Ashby, Ennis, and Spiering (2007, Psychological Review) proposed that skills learned procedurally are mediated entirely within cortex after they are practiced enough to become automatic, and that the development of automaticity is associated with a gradual transfer of control from the striatum to cortical-cortical projections from the relevant sensory areas directly to the premotor areas that initiate the behavior. So the cortical-cortical projections from visual cortex to the supplementary motor area eventually mediate the expression of automatic behaviors without any assistance from the subcortical loops through the basal ganglia. Therefore, according to this account, a critical function of the basal ganglia is to train purely cortical representations of automatic behaviors. Kovacs, Helie, Tran, and Ashby (2021, Psychological Review) proposed a similar account of how rule-guided behaviors are automatized in which the prefrontal cortex trains the cortical circuits that implement the automatic behaviors.
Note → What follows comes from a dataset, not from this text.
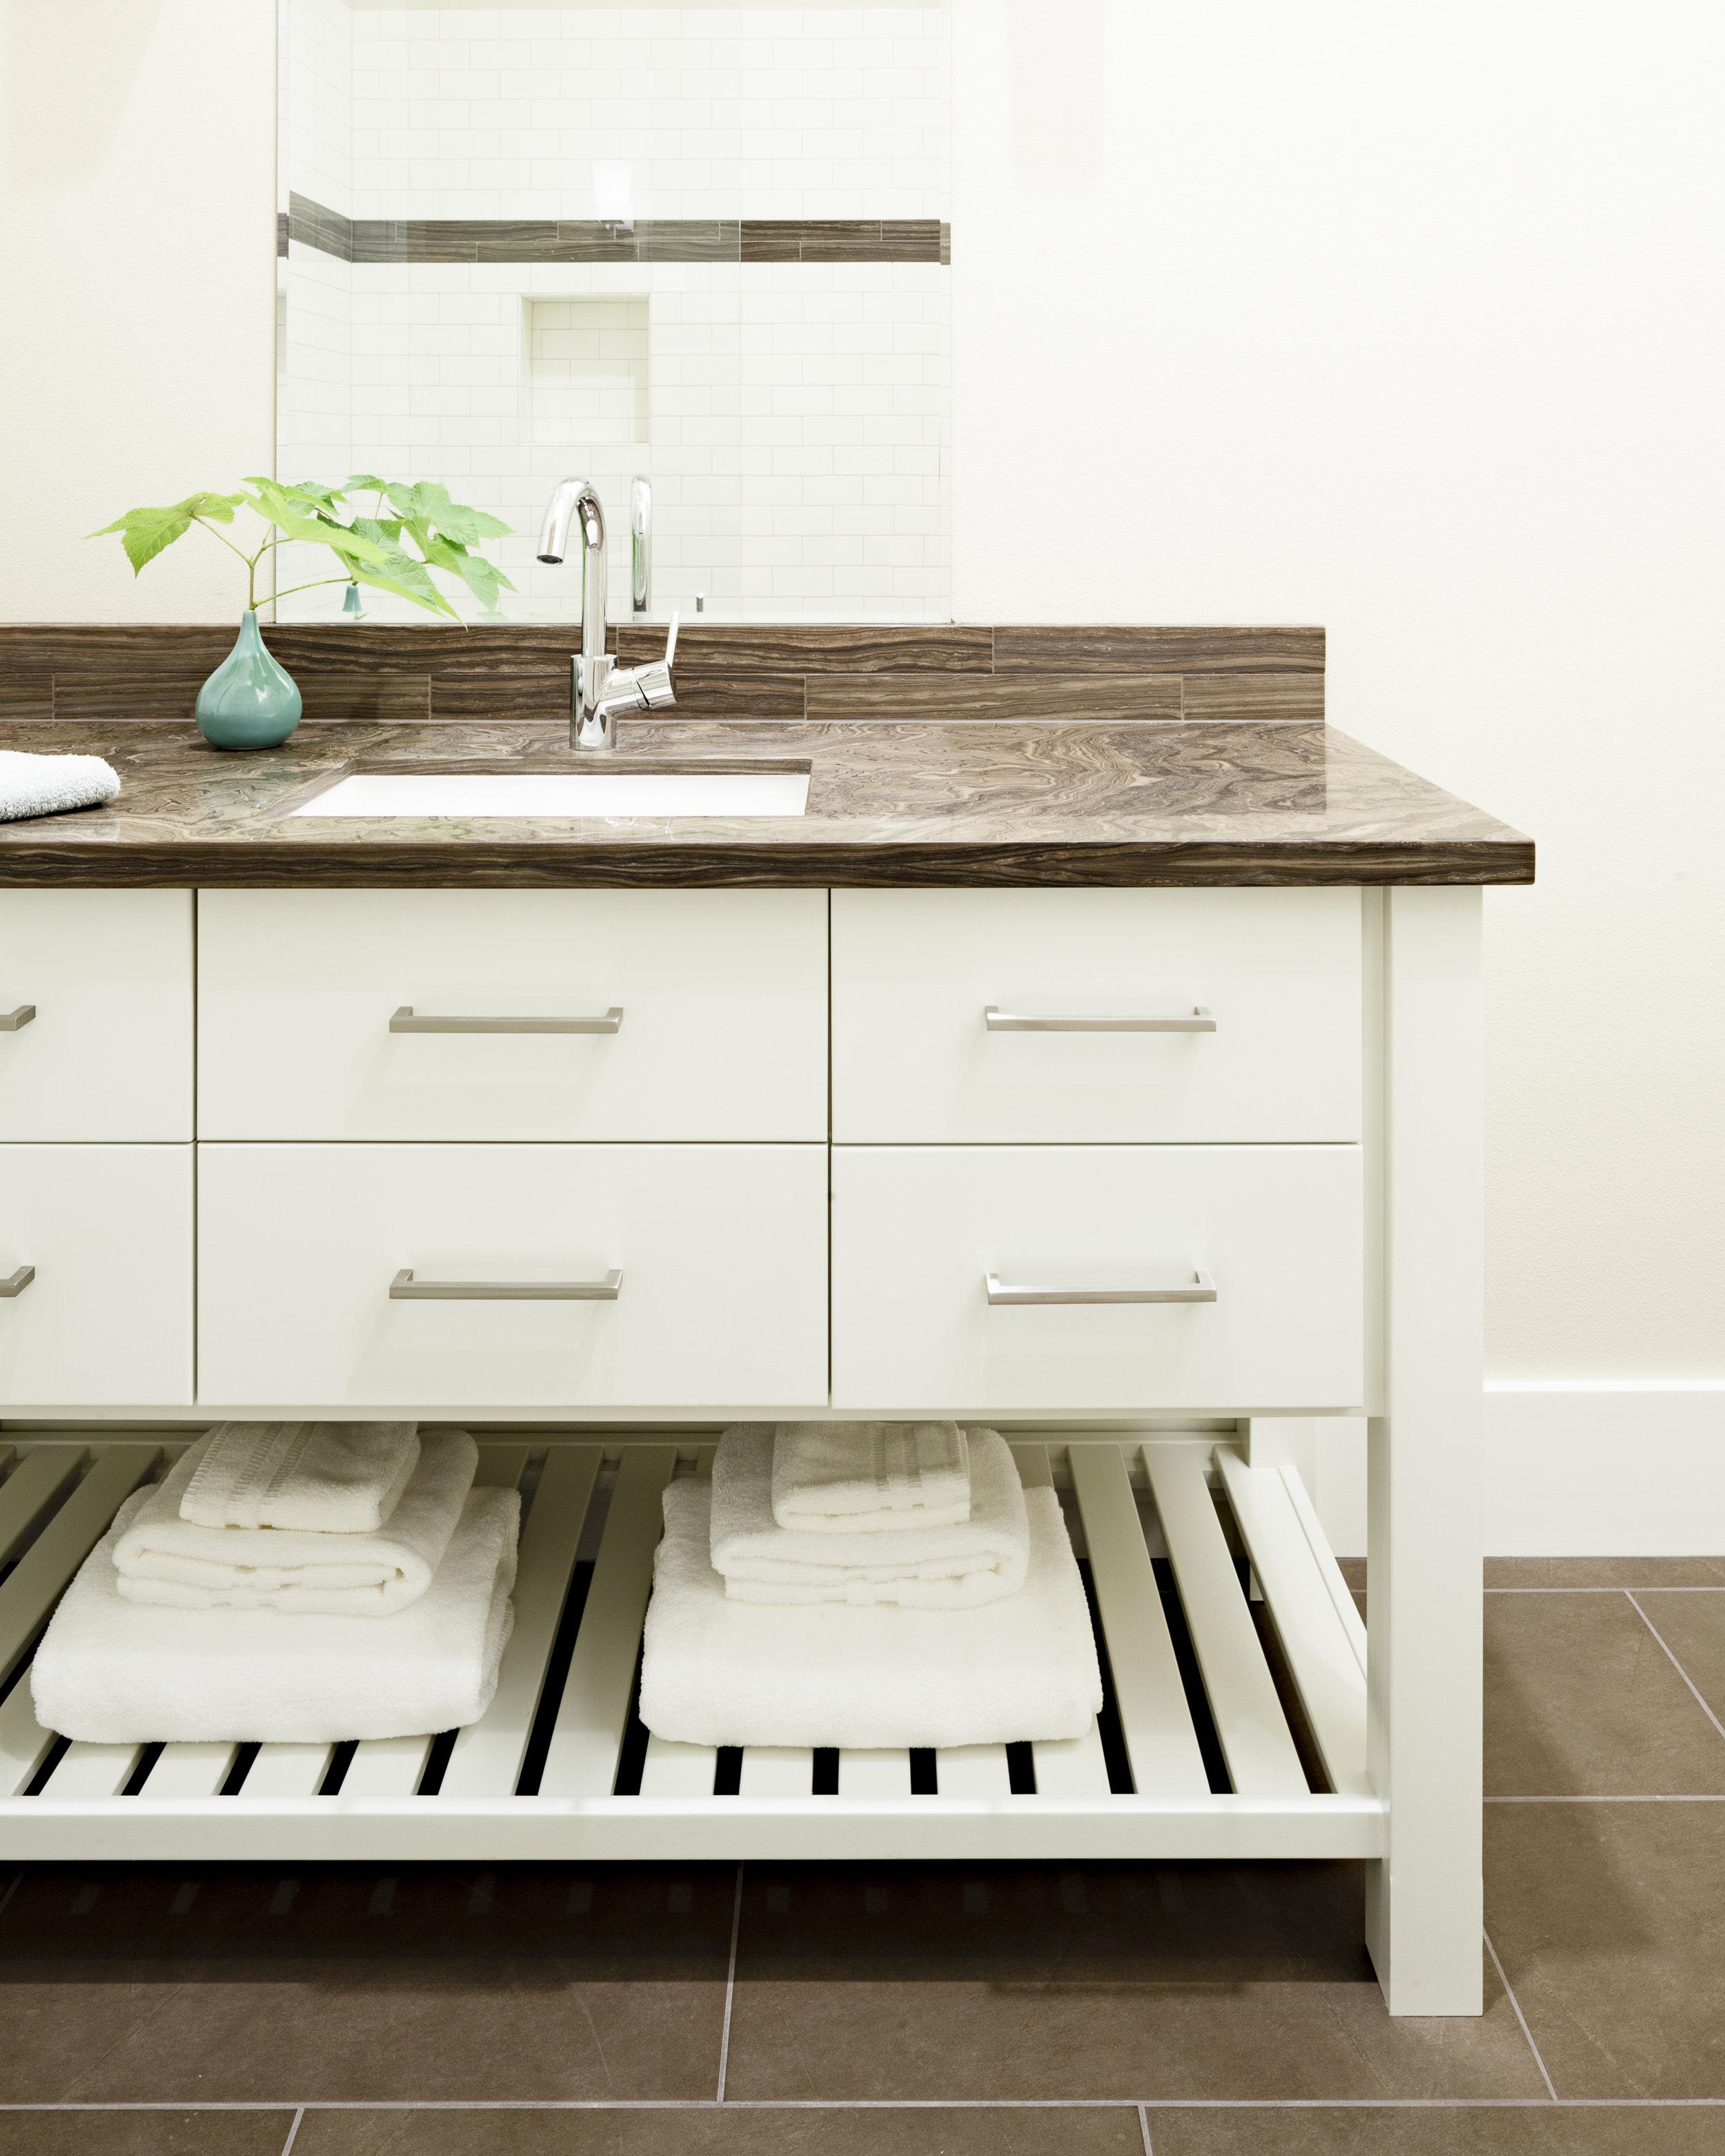 Jenni-Leasia-Design-minimal-bathroom-contemporary-counter (1).jpg

In cortex, synaptic plasticity follows Hebbian learning rules, in which any active synapses are strengthened, regardless of whether the behavior that follows the activation receives positive or negative feedback. For this reason, purely cortical circuits are incapable of learning any behavior that requires trial-by-trial feedback. Ashby et al. (2007) proposed that the basal ganglia use DA-mediated reinforcement learning (i.e., at cortical-striatal synapses) to gradually activate the correct postsynaptic targets in premotor cortex, which thereby enables Hebbian plasticity at cortical-cortical synapses to learn the correct associations (i.e., because there will be more postsynaptic activation at the correct synapses than at synapses leading to incorrect responses). The Kovacs et al. (2021) model is similar, except a prefrontal-mediated rule discovery process activates the correct synapses in premotor cortex.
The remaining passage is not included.